======== DATA SEGMENT ========

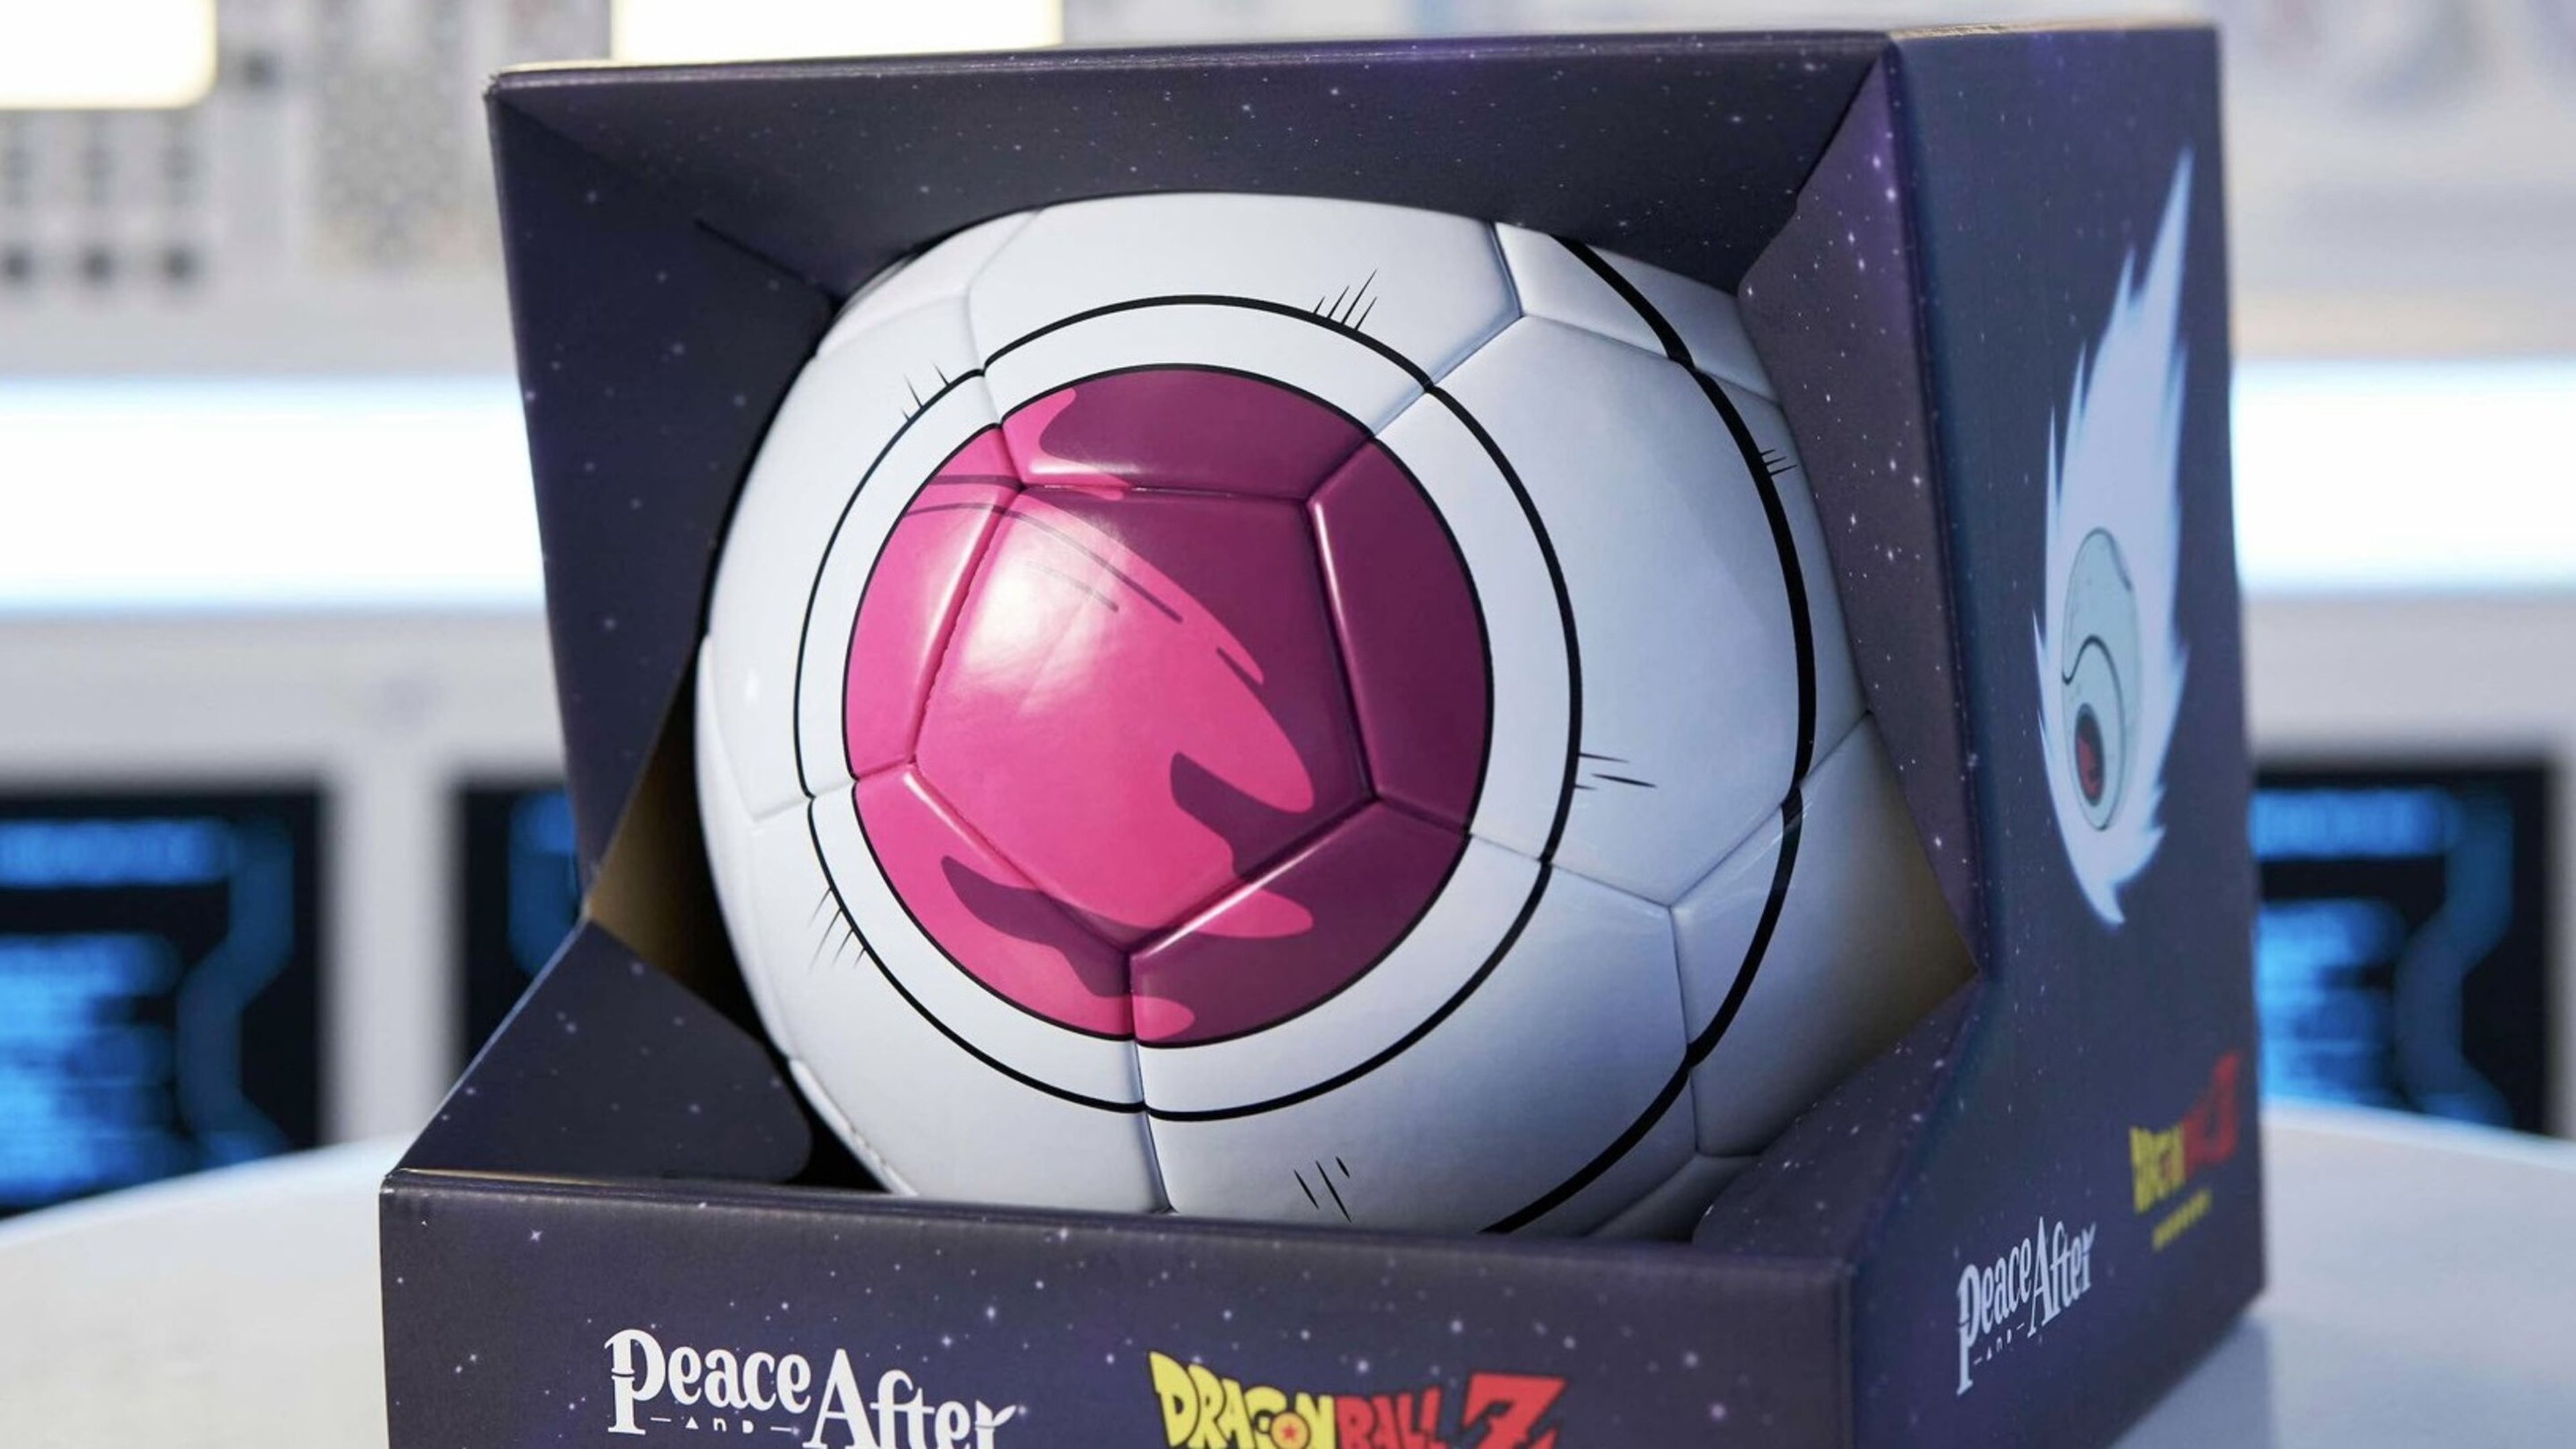 Peace and After presenta su nueva colección de ropa de Dragon Ball y un balón de fútbol convertido en una nave saiyan
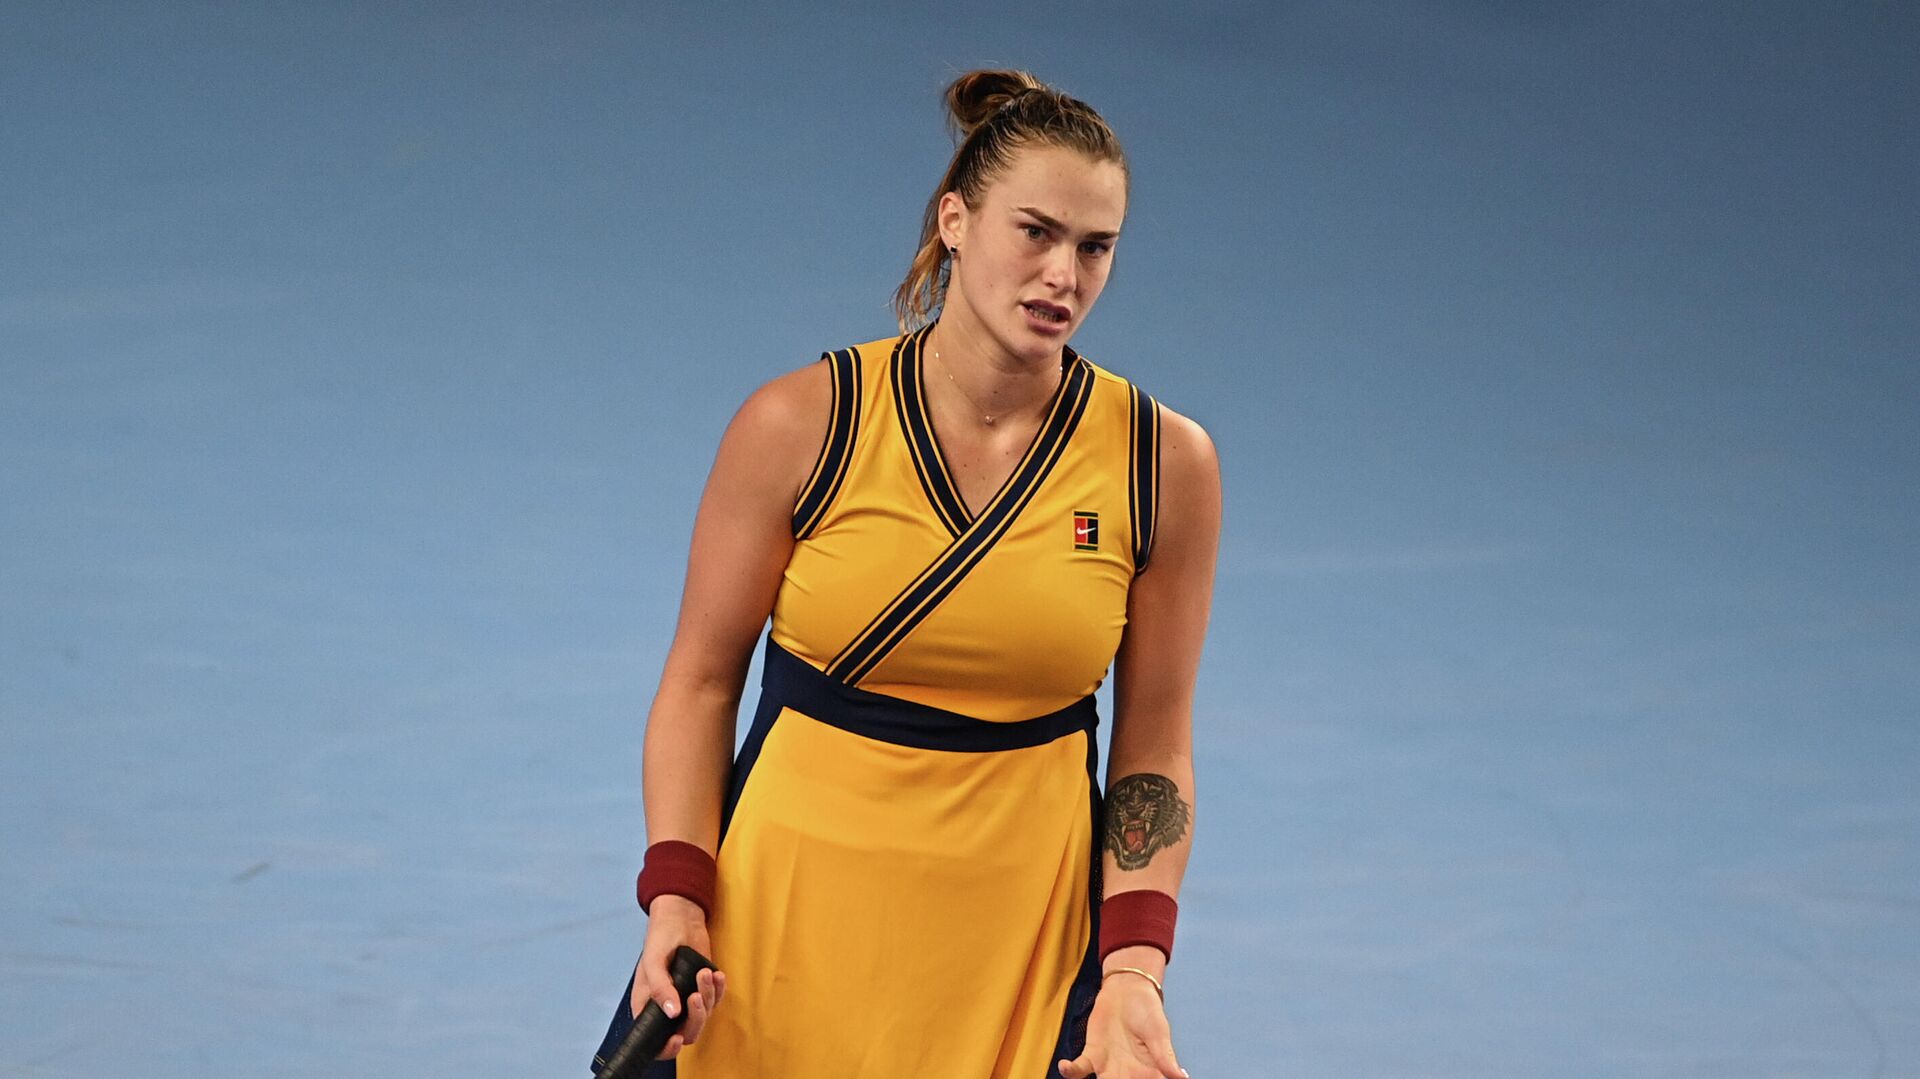 Соболенко в трех сетах одолела Сандерс в матче Australian Open и вышла во второй круг
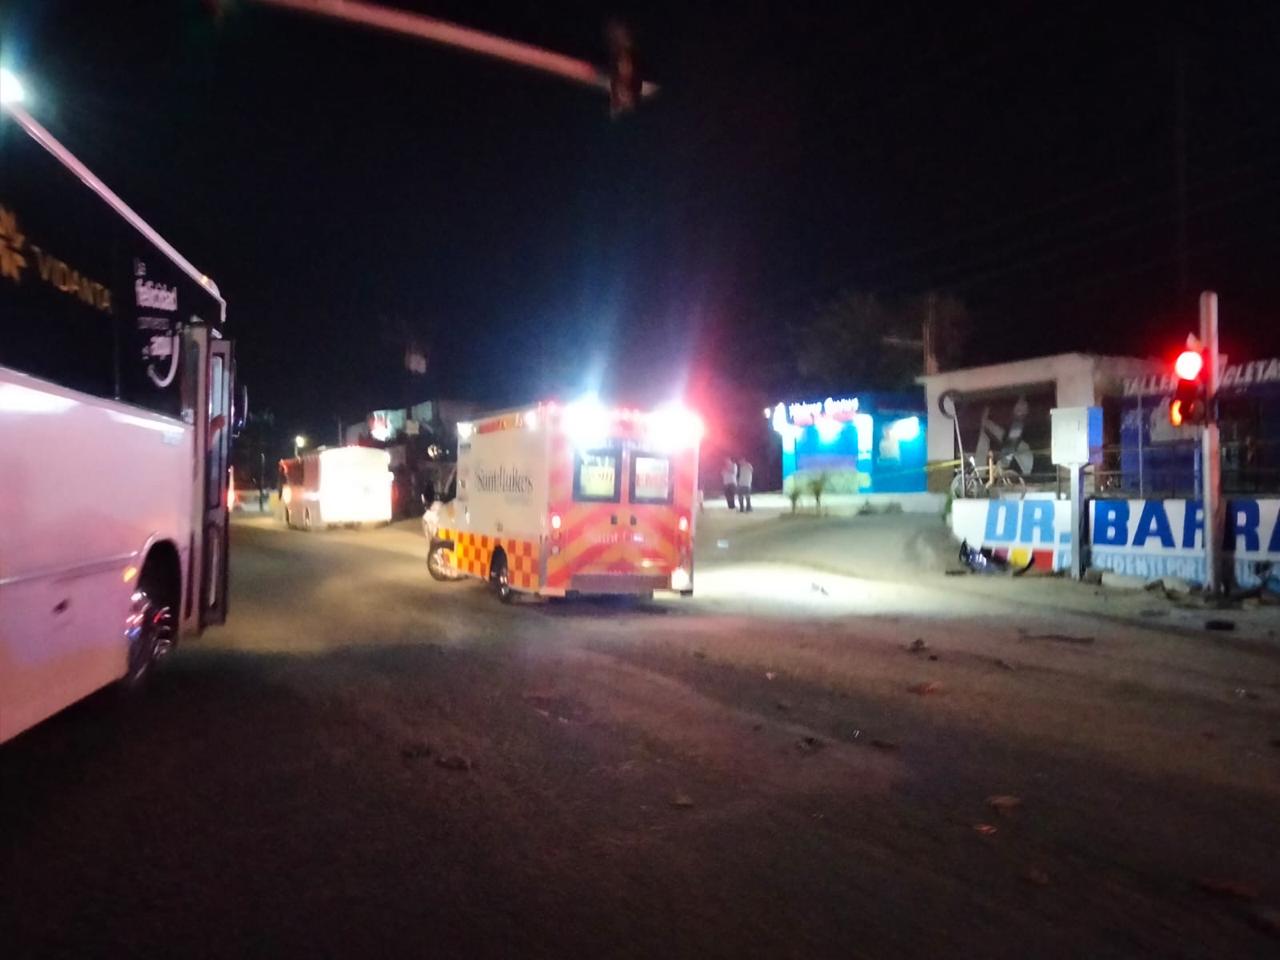 (VIDEO) Camión de transporte de personal se estampa contra puesto de birria en Zacatal
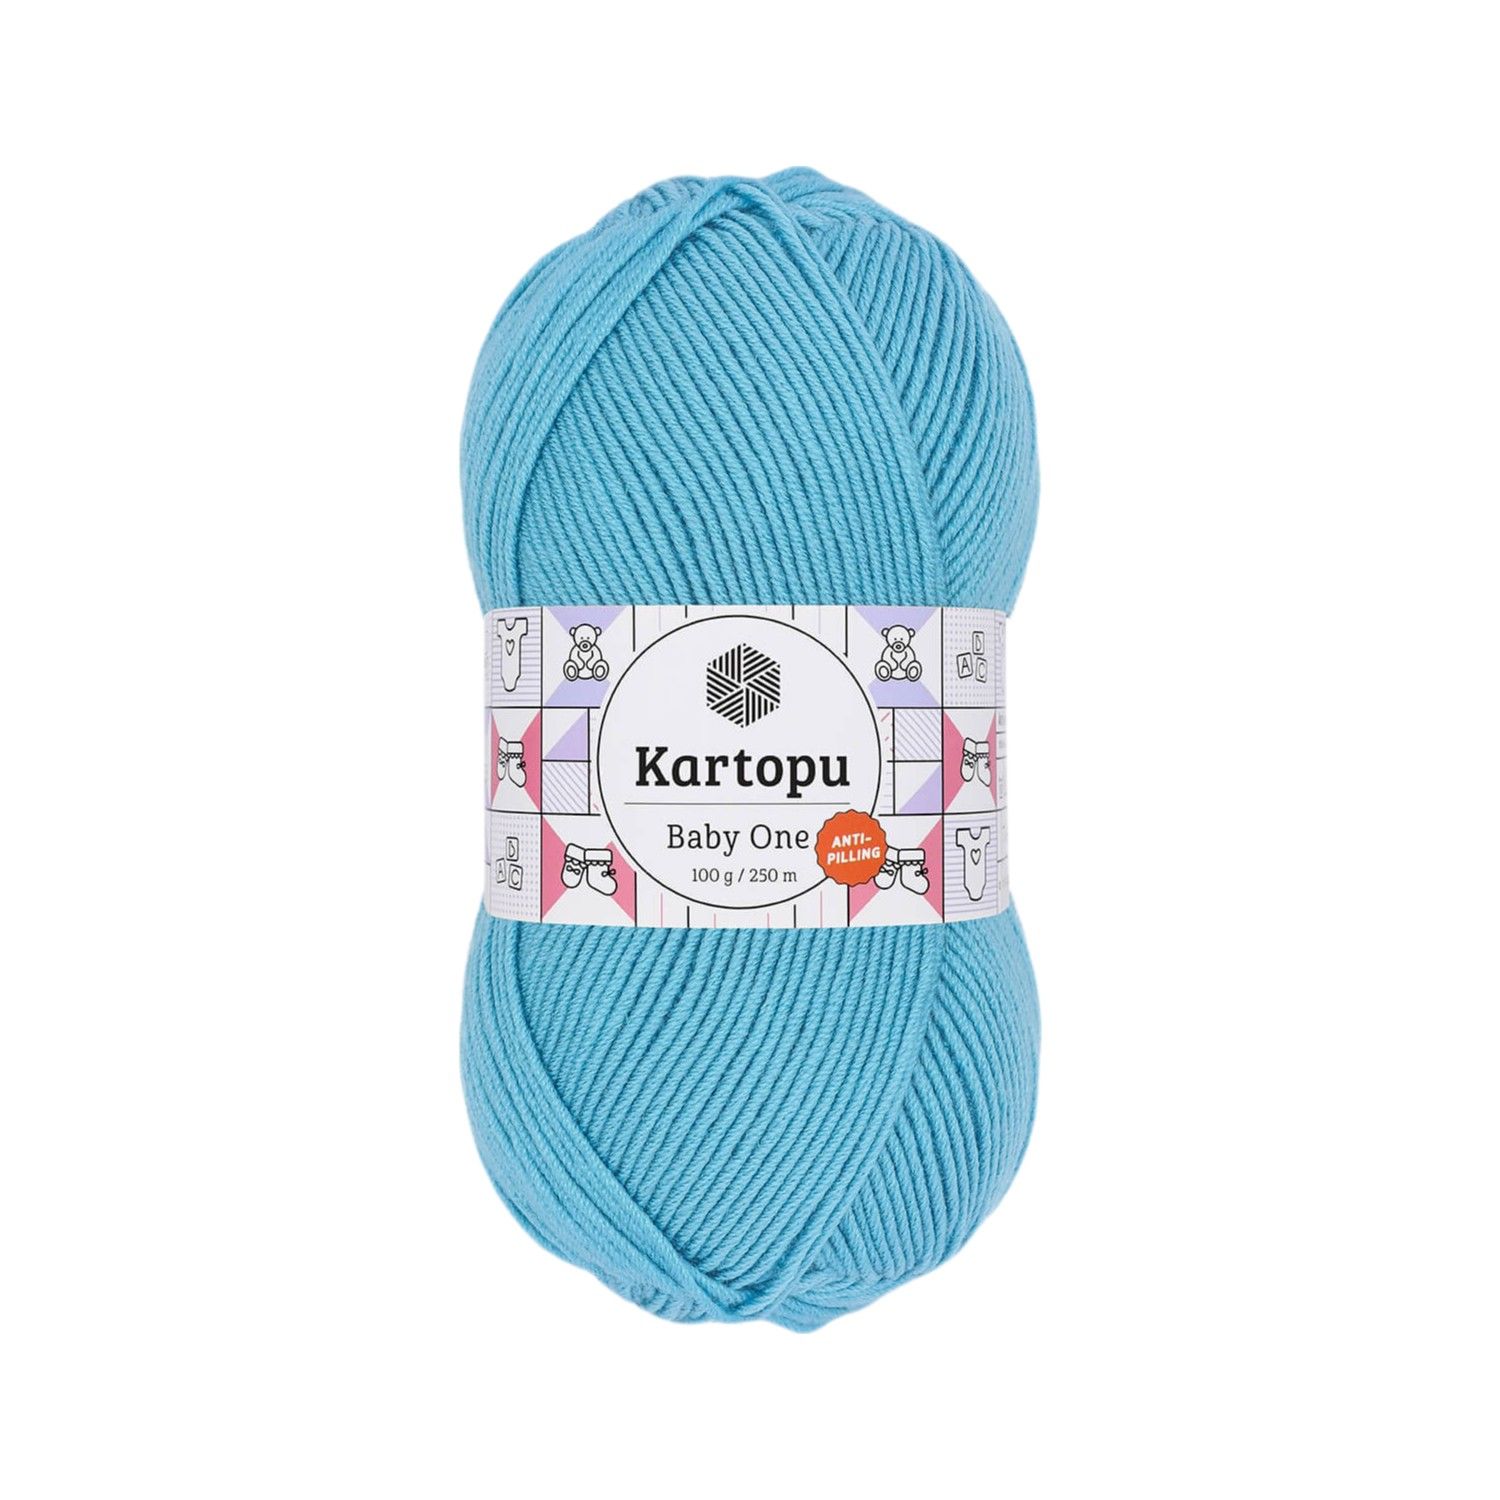 KARTOPU BABY ONE - Baby Knitting Yarn K657

========

The expected output is the lines from the line that contains "Соболенко в трех" through the last line of the material, reproduced exactly, with both ends present and pictures absent.

-- WRITTEN RESPONSE --
 Соболенко в трех сетах одолела Сандерс в матче Australian Open и вышла во второй круг
 (VIDEO) Camión de transporte de personal se estampa contra puesto de birria en Zacatal
 KARTOPU BABY ONE - Baby Knitting Yarn K657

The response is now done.